Tag Archive: green manure


Relax, it's summer...picture by Merv French

Relax, it’s summer…picture by Merv French

August can be a bit of a ‘graveyard’ month – few things are looking good in the garden as the first flushes of growth on many plants have died or been pruned away and there’s not much (yet) to replace them. It can be one of the hottest, driest months in the UK, too, making watering essential – and this could be a problem if you’re on holiday and don’t have friends or neighbours (or an automatic watering system) to do it for you. So this month’s tips are mainly about harvesting, maintaining colour and interest, pruning and propagating new plants – and of course, watering!

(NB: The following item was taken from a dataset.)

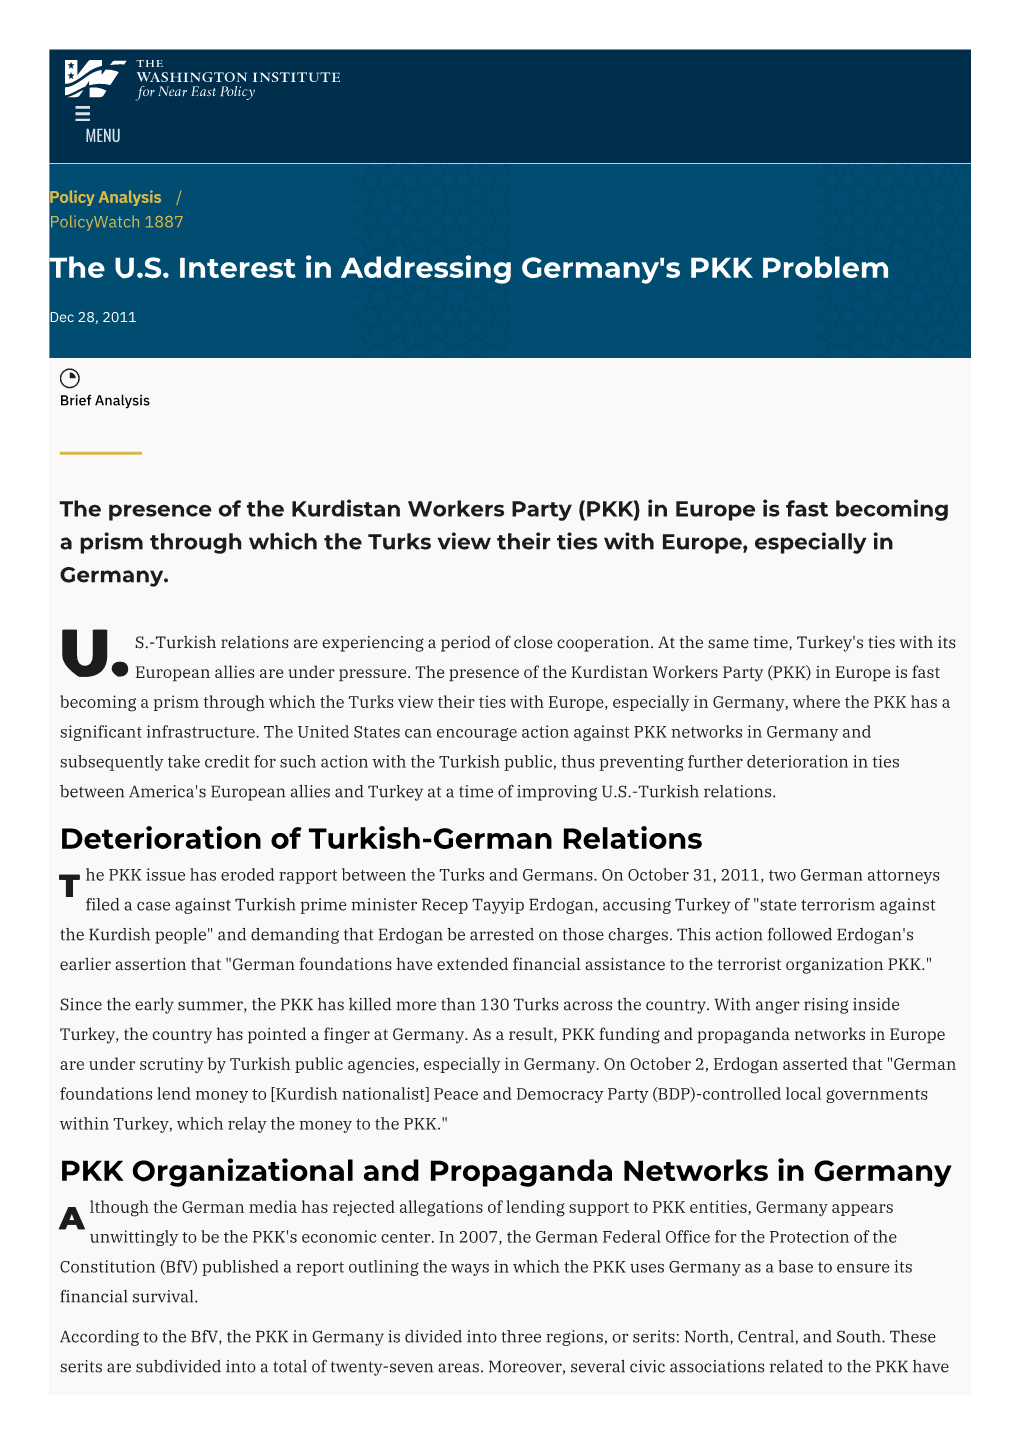 The U.S. Interest in Addressing Germany's PKK Problem | The

1. Prune now for next year’s fruit and flowers

To encourage flowering or fruiting shoots, prune early flowering shrubs if not already done so and also trim back the new straggly stems of Wisteria to about 5 or 6 buds above the joint with the main stem – this will encourage energy to go into forming new flowering spurs. Do the same for fan or other trained fruit like plums, cherries a etc. Cut out the old fruiting stems of summer raspberries to encourage the new stems to grow and tie these in as you go to stop them rocking around too much. Sever, lift and pot up strawberry runners if you want to replace old plants or expand your strawberry bed. Trim back your lavender once it has finished flowering, to stop it growing leggy (but just the tops- don’t cut into old, woody stems).

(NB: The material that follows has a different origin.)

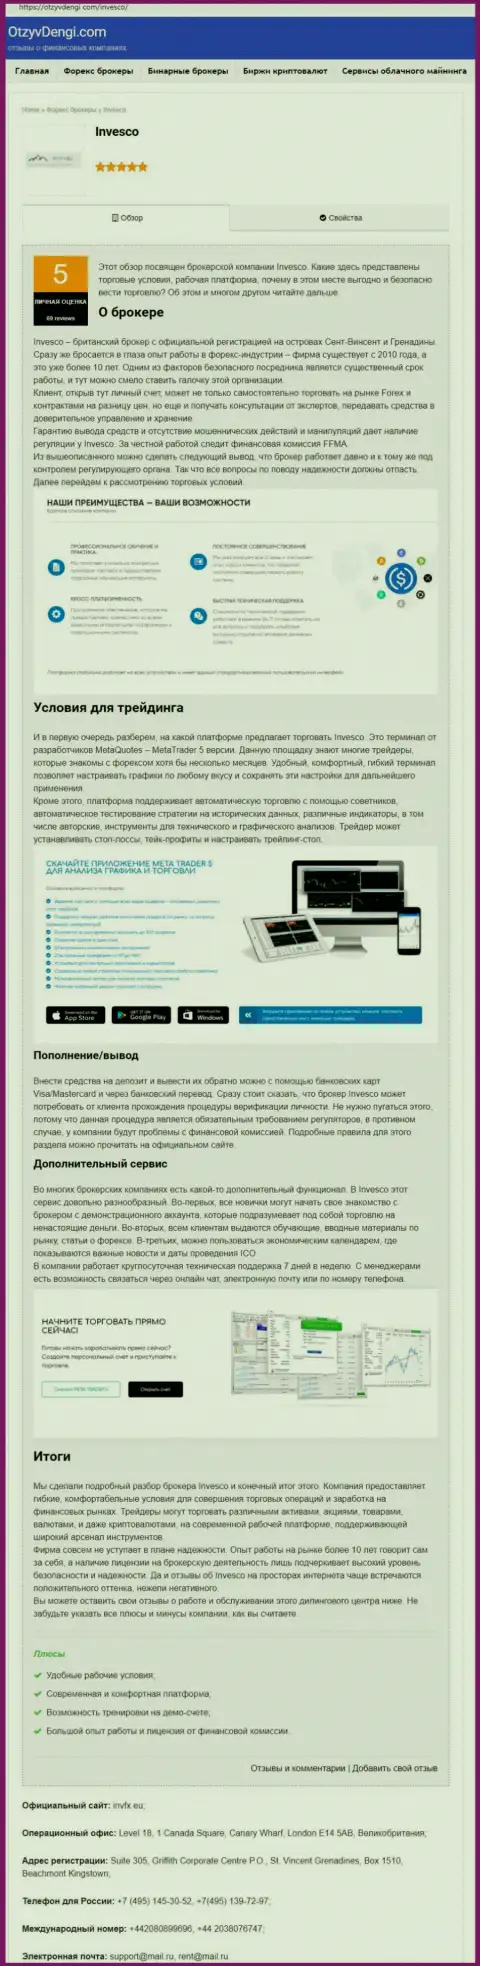 Сайт otzyvdengi com разместил публикацию о форекс дилере Invesco Limited

2. Cut out the dead or diseased

Dead head and ‘dead leaf’ perennials and annuals to prolong flowering as long as possible and keep plants looking tidy. Cut back herbs (Chives, Chervil, Fennel, Marjoram etc.) to encourage a new flush of tasty leaves that you can harvest before the first frost. Dry or freeze your herbs to use in the kitchen later on or sow some in pots that you can bring inside later in the year.  Look out for symptoms of Clematis Wilt such as wilting leaves and black discolouration on the leaves and stems of your Clematis. Cut out any infected plant material and dispose of it in your household waste.

Clematis wilt

Clematis wilt

3. Water when necessary

Containers, hanging baskets and new plants in particular need a regular water and some will need to be fed too. Ideally use stored rainwater or ‘grey water’ (recycled from household washing, but only that without soap and detergents etc.). Keep ponds, bog gardens and water features topped up. Particularly thirsty plants include:

  • Phlox

  • Aster

  • Persicaria

  • Aconitum

  • Helenium

  • Monarda

4. Mulch

To conserve moisture in the soil around plants use a mulch of organic material. An easy option is grass clippings –  put these on a plastic sheet and leave for a day in the sunshine. Turn the pile of clippings and leave for another day, or until they have turned brown. Spread the mulch round each plant, but avoid covering the crown as you might encourage it to rot. As mulch attracts slugs avoid those plants that these pests enjoy – Hostas, Delphiniums etc. Check that any mulch applied earlier hasn’t decomposed and add more as needed. Ideally, spread a mid-season layer of compost or manure – this will act to conserve moisture and feed the plants too.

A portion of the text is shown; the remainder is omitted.